This follows directly from the definition, since the PDF of the geometric distribution on \( \N \) is \( f(n) = (1 - p)^n p = (1 - \theta) \theta^n \) for \( n \in \N \).
For fixed \( k \in (0, \infty) \), the negative binomial distribution on \( \N \) with with stopping parameter \( k \) and success parameter \( p \in (0, 1] \) is a power series distribution relative to the function \(g(\theta) = 1 \big/ (1 - \theta)^k \) for \( \theta \in [0, 1) \), where \( \theta = 1 - p \).
For fixed \( n \in \N_+ \), the binomial distribution with trial parameter \( n \) and success parameter \( p \in [0, 1) \) is a power series distribution relative to the function \( g(\theta) = \left(1 + \theta\right)^n \) for \( \theta \in [0, \infty) \), where \( \theta = p \big/ (1 - p) \).
Note that the PDF of the binomial distribution is \[ f(k) = \binom{n}{k} p^k (1 - p)^{n - k} = (1 - p)^n \binom{n}{k} \left(\frac{p}{1 - p}\right)^k = \frac{1}{(1 + \theta)^n} \binom{n}{k} \theta^k, \quad k \in \{0, 1, \ldots, n\} \] where \( \theta = p / (1 - p) \). This shows that the distribution is a power series distribution corresponding to the function \( g(\theta) = (1 + \theta)^n \).
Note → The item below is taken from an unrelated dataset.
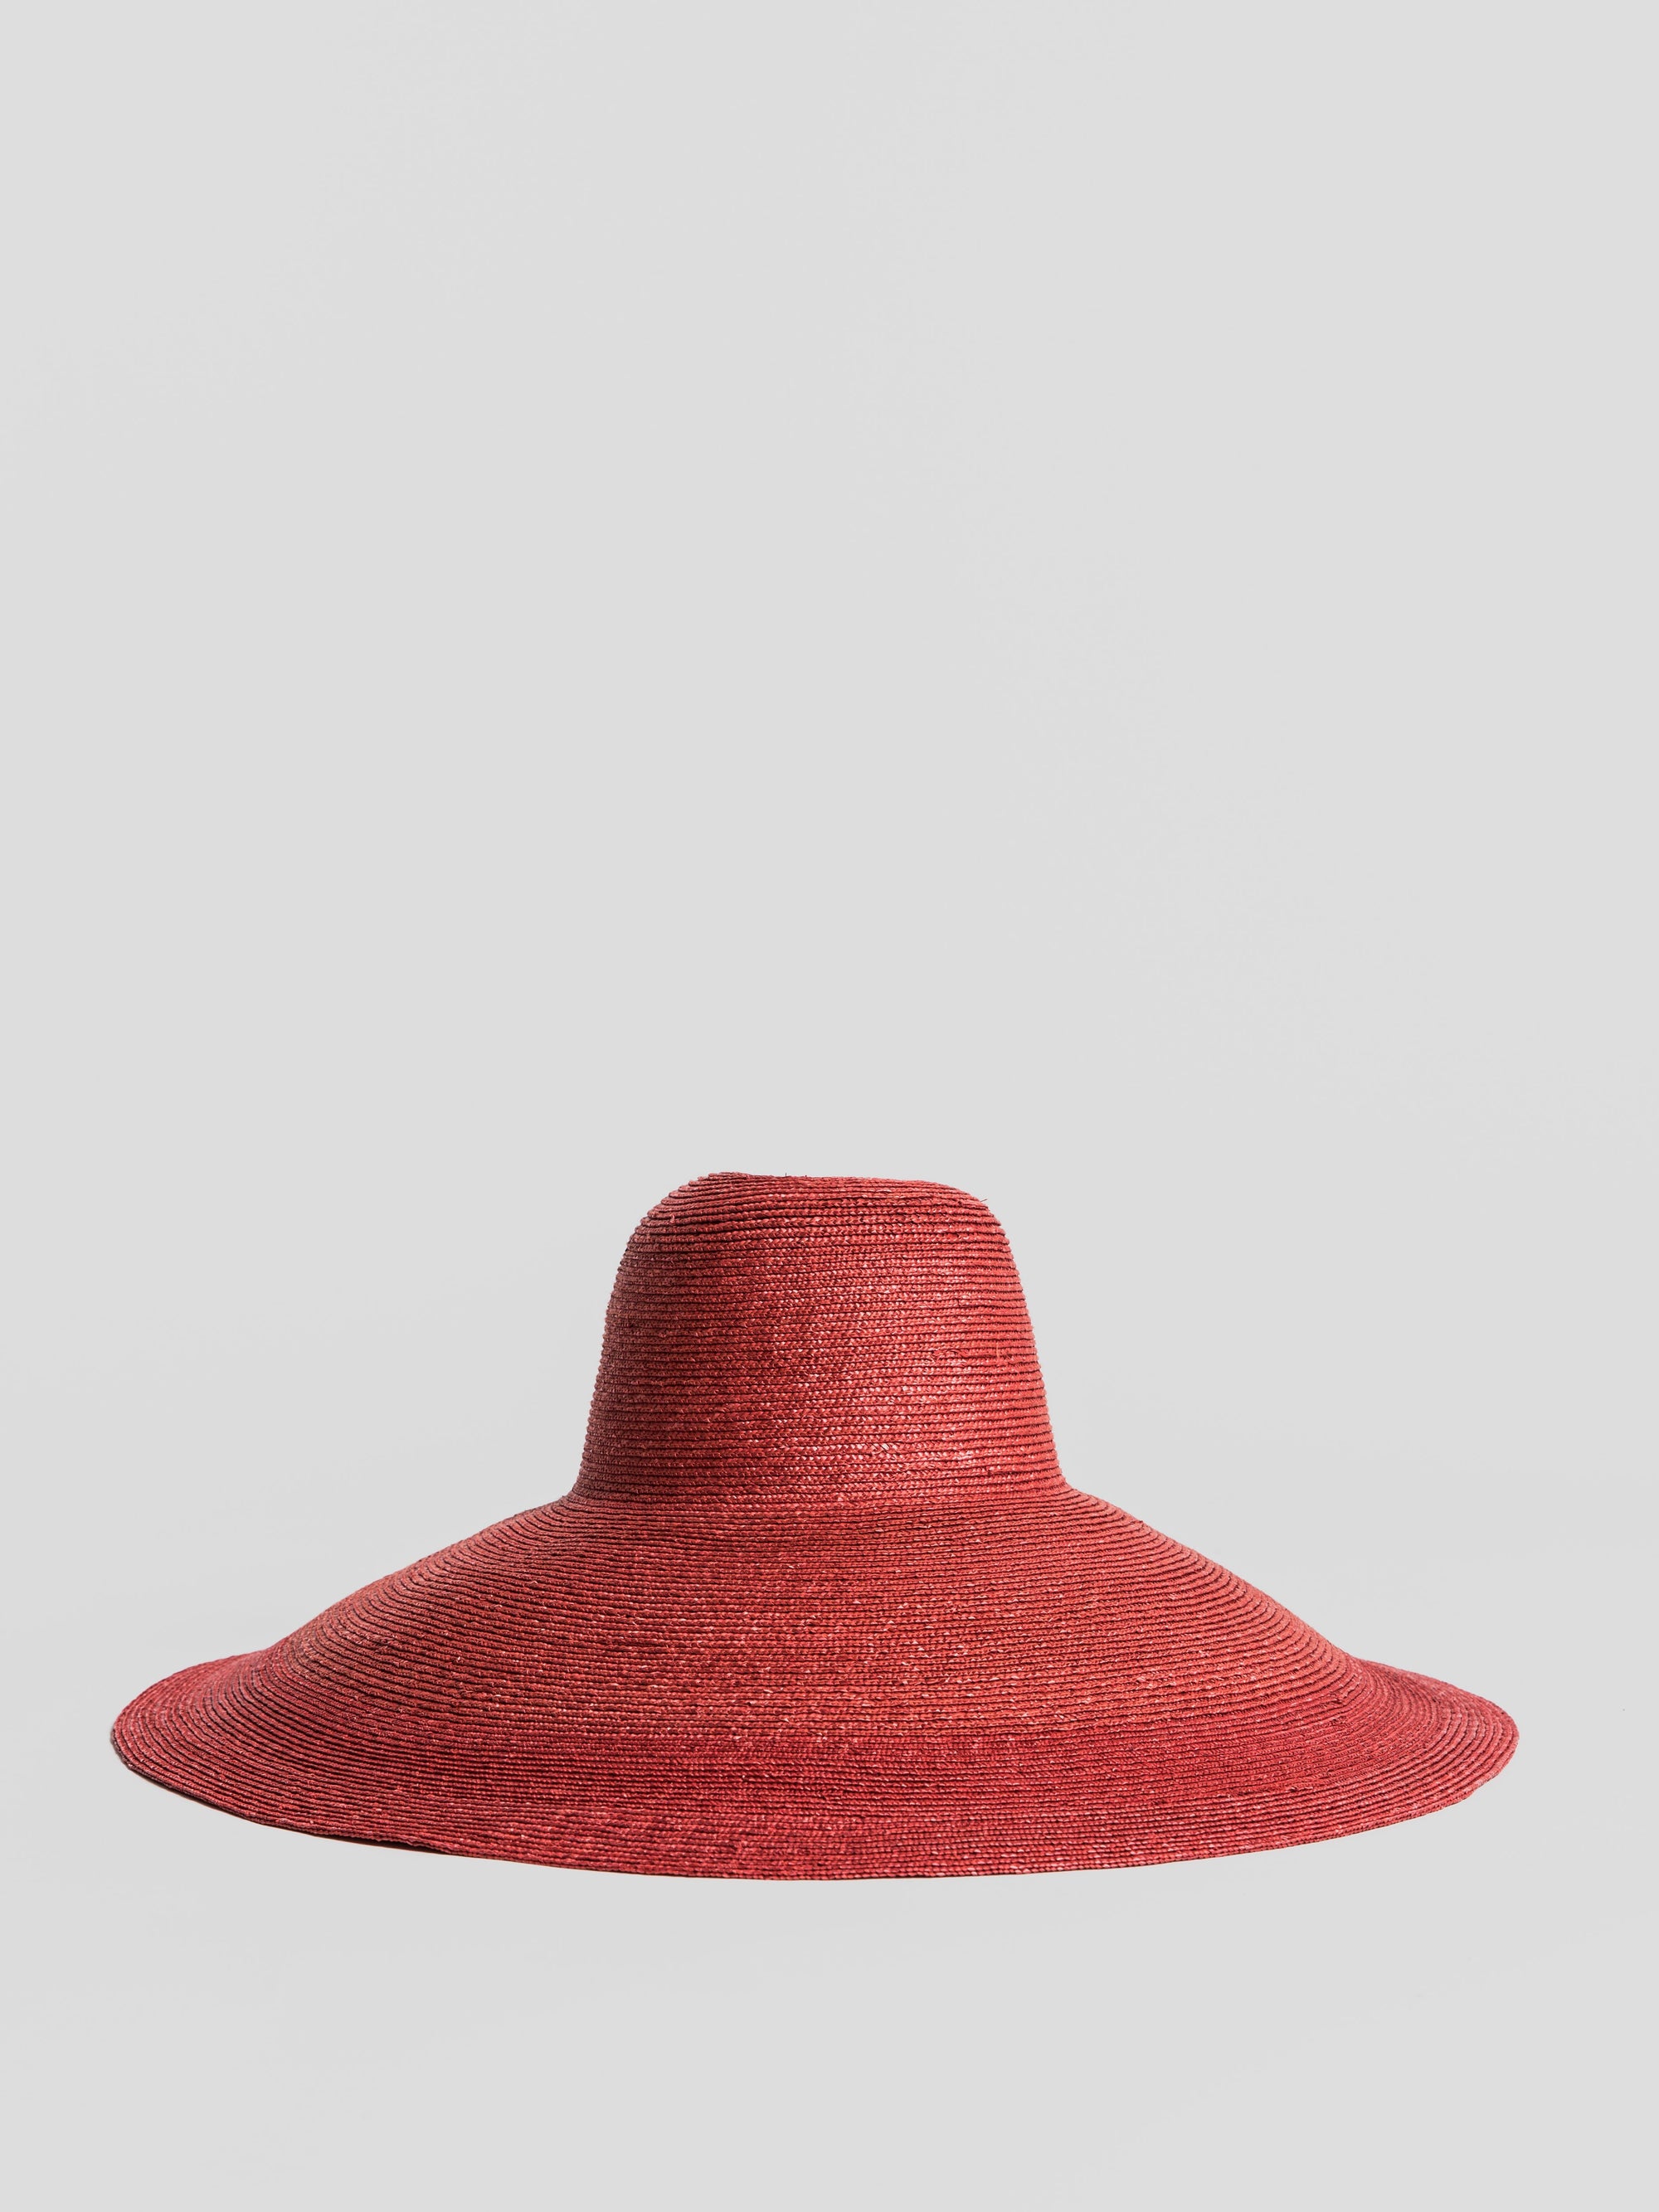 Straw Hat - Braided Capeline Wide Red Hats éN Hats

The logarithmic distribution with parameter \( p \in [0, 1) \) is a power series distribution relative to the function \( g(p) = -\ln(1 - p) \) for \( p \in [0, 1) \).
This follows directly from the definition, since the PDF is \[ f(n) = \frac{1}{-\ln(1 - p)} \frac{1}{n} p^n, \quad n \in \N \]